PRESENTATION: 8 The game is rather slick and professional in terms of production, and is a welcome change of pace from the typical Klik games I've seen as of late. Not only is there an intro movie (of sorts), but there are also an option screen including three difficulty levels (consisting of limiting the number of "continues" one has) and unlockable extras, and information about all the in-game items the player will encounter. A great feature that MIG2 includes in all the KONAMIG games I've seen is a quick demonstration of game controls. A solid effort in production values here, and as a whole it's definitely a few notches up from the average Klik presentation. Unfortunately, a serious lack of engaging storyline hampers the total package.
GAMEPLAY: 7 Plenty of options exist for the player, and this is one area in which the game shines admirably. Allowing both keyboard and gamepad control is nice, but I found the gamepad controls finicky at best; opting for the keyboard controls seemed to be the most reliable option.
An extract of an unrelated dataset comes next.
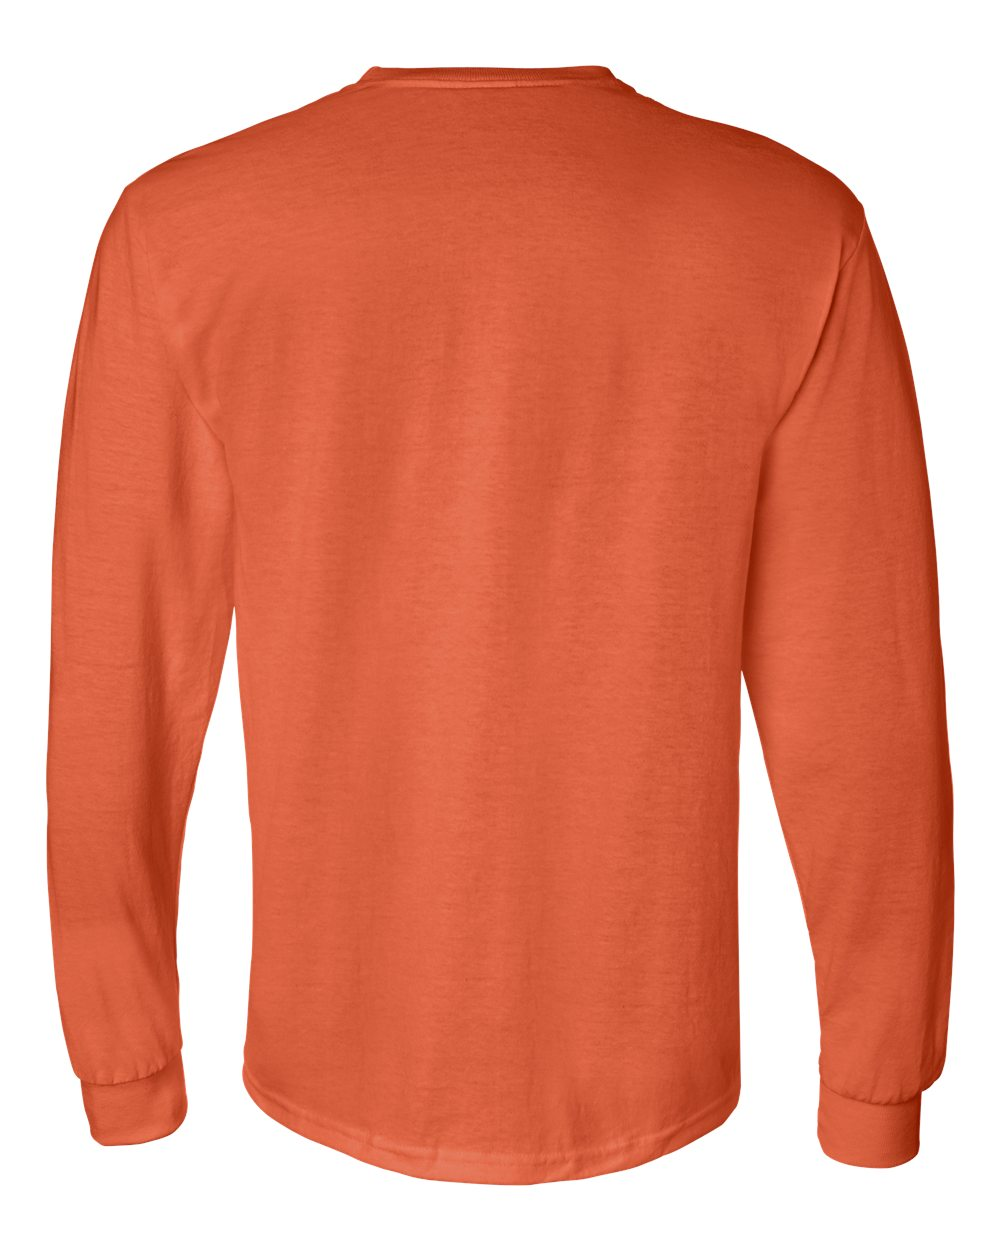 Gildan-Mens-Blank-DryBlend-50-50-Cotton-Long-Sleeve-T-Shirt-8400-up-to-3XL miniature 31

Items can be bought, but not sold; equipment is easily upgraded. An interesting feature (or setback, depending on your perspective) is the lack of ability to "backtrack" or visit previous locations. In other words, if you find an item you want, you better hope you have enough cash to pay for it right then, or else you'll miss your chance once you leave that stage. This adds a strategic element into an otherwise played-out game category, encouraging repeat plays as the player tries out several different combinations of items to see what's most effective, or saving and scrimping all their cash to buy that Vedic blade in the desert stage...Some areas are inaccessible without higher-grade boots (which allow you to jump higher) or with the use of the "Angel Wing", which allows you limited flight capabilities but disappears once you take damage.
GRAPHICS: 8 From what I understand, everything in this game is drawn by the programmer, and there's a HUGE amount of material in this game. Even the upgrades of items--though all look essentially the same--are of different colors, adding a bit of variety to your character as you progress through the game. Animations seem smooth, enemies and locations appear varied, specific, and understandable. In short, there's a solid graphical aspect to Wandering Fighter.
SOUND & MUSIC: 6 Although the sound effects and music are of typical fare, there's no repetition in background music that I've noticed. Sound is used in each stage to create a distinct feel for when a player visits another area. There's some quirkyness with only one sound effect being played at one time, mimicking old-school console limitations, and I think this can be circumvented by MMF, but I'm not so sure.
LASTABILITY: 10 As mentioned earlier, plenty of game mechanics encourage lastability, from the difficulty levels, to the vast number of items available, the unlockable options included, and the fact that it's a game of respectable length but no save feature (!). I've been playing this daily ever since it first appeared on TDC, and I've no excuse for my lack of productivity at work other than to say that this game is _that good_.
OVERALL: 8 It's a fine title, by any perspective, and it has a little bit of everything rolled into an incredibly replayable package. It's definitely recommended for everyone, though I can't take responsibility for some folks obsessing over collecting the best items over hours and hours of gameplay, in an effort to eventually beat the game...Nice job, MIG2!